Anhand Ihrer Angaben ist es denkbar, dass die Festsetzung der Steuer durch den Bescheid, soweit er überhaupt Bestand hat, der Festsetzungsverjährung unterliegen könnte gem. § 169 Abs. 1 Satz 3 Nr. 1 AO. Nach einer Entscheidung des Bundesfinanzhof (Az.: GrS 2/01, Beschluss vom 25.11.2002) ist die Festsetzungsfrist nicht gemäß § 169 Abs. 1 Satz 3 Nr. 1 AO 1977 gewahrt, wenn der Steuerbescheid, der vor Ablauf der Festsetzungsfrist den Bereich der für die Steuerfestsetzung zuständigen Finanzbehörde verlassen hat, dem Empfänger nicht zugeht. Soweit Ihnen also der Steuerbescheid aufgrund Ihrer Aufenthalte nicht zugehen konnte, kommt eine Verjährung in Betracht.

Hinsichtlich der Umsatzsteuer, die seitens des Finanzamtes eingefordert wird, können auch illegale Umsätze die Steuerpflicht auslösen. Soweit hierzu von dem Steuerpflichtigen keine Angaben gemacht werden, kann das Finanzamt auch eine entsprechende Schätzung vornehmen. Demnach ist denkbar, das der Steuerbescheid Bestand hat.
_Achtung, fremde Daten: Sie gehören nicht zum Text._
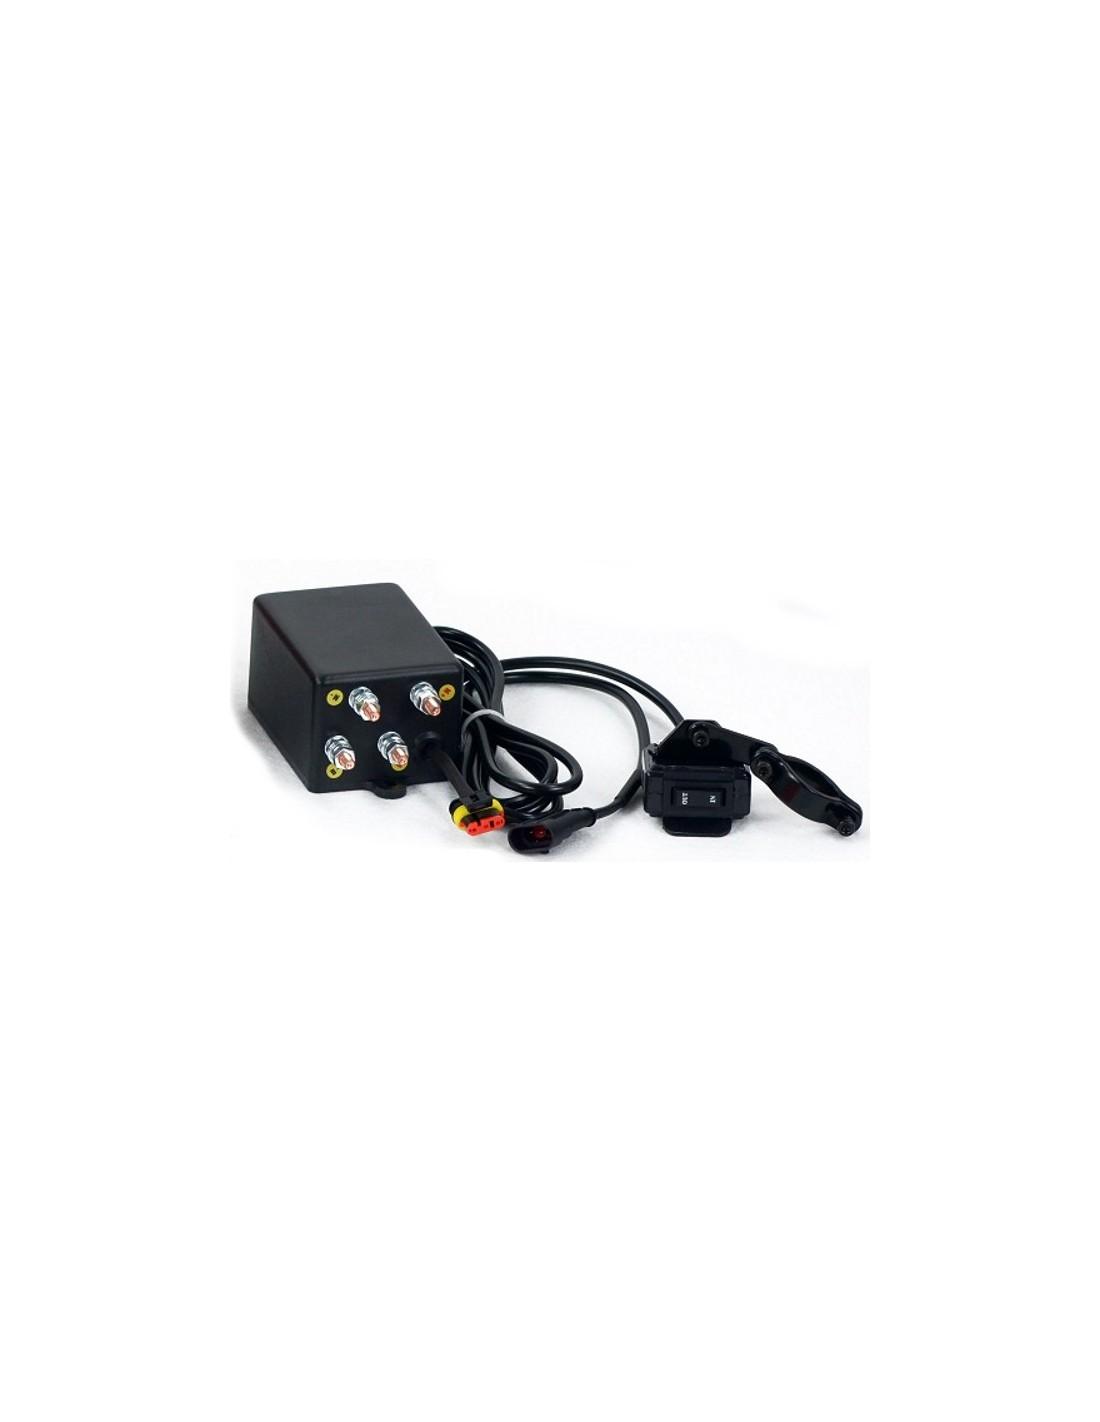 treuil electrique powerwinch 2041 kg 12v avec radio commande. Black Bedroom Furniture Sets. Home Design Ideas

Aufgrund Ihrer Schilderung zu Aufenthalten außerhalb Deutschlands ist es möglich, einen entsprechenden Verzicht beim Finanzamt in Bezug auf Säumnis-, Verspätungszuschläge, Zinsen etc. zu erreichen.

Angesichts der vom Finanzamt gesetzten Frist, empfehle ich Ihnen unbedingt einen Steuerberater oder einen Fachanwalt für Steuerrecht aufzusuchen, insbesondere da seitens des Finanzamtes schnell Vollstreckungsmaßnahmen eingeleitet werden.

Dieser kann nach einer detaillierten Sachverhaltsprüfung als sie hier möglich ist, entsprechende Schritte und Rechtsmittel einlegen.

Ich hoffe Ihnen mit der Beantwortung einen entsprechenden Überblick verschafft zu haben

Mit besten Grüßen

RA Schröter

Nachfrage vom Fragesteller 21.08.2006 | 16:53

Sehr geehrter Herr Rechtsanwalt Schröter

Würden Sie,oder könnten Sie diese Sache (Aussetzung der Vollziehung) übernehmen?
Wenn ja,werde ich Sie diese Woche telefonisch kontaktieren.

Bis dahin und besten Dank

Antwort auf die Nachfrage vom Anwalt 22.08.2006 | 11:59

Vielen Dank für die Nachricht.

Gerne übernehme ich das Mandat für Sie. Schicken Sie mir bitte vorab per Email oder per Fax die Ihnen vorliegenden Unterlagen.

Ich übersende Ihnen per Emial eine Vollmacht, die Sie dann bitte unterschrieben zurücksenden.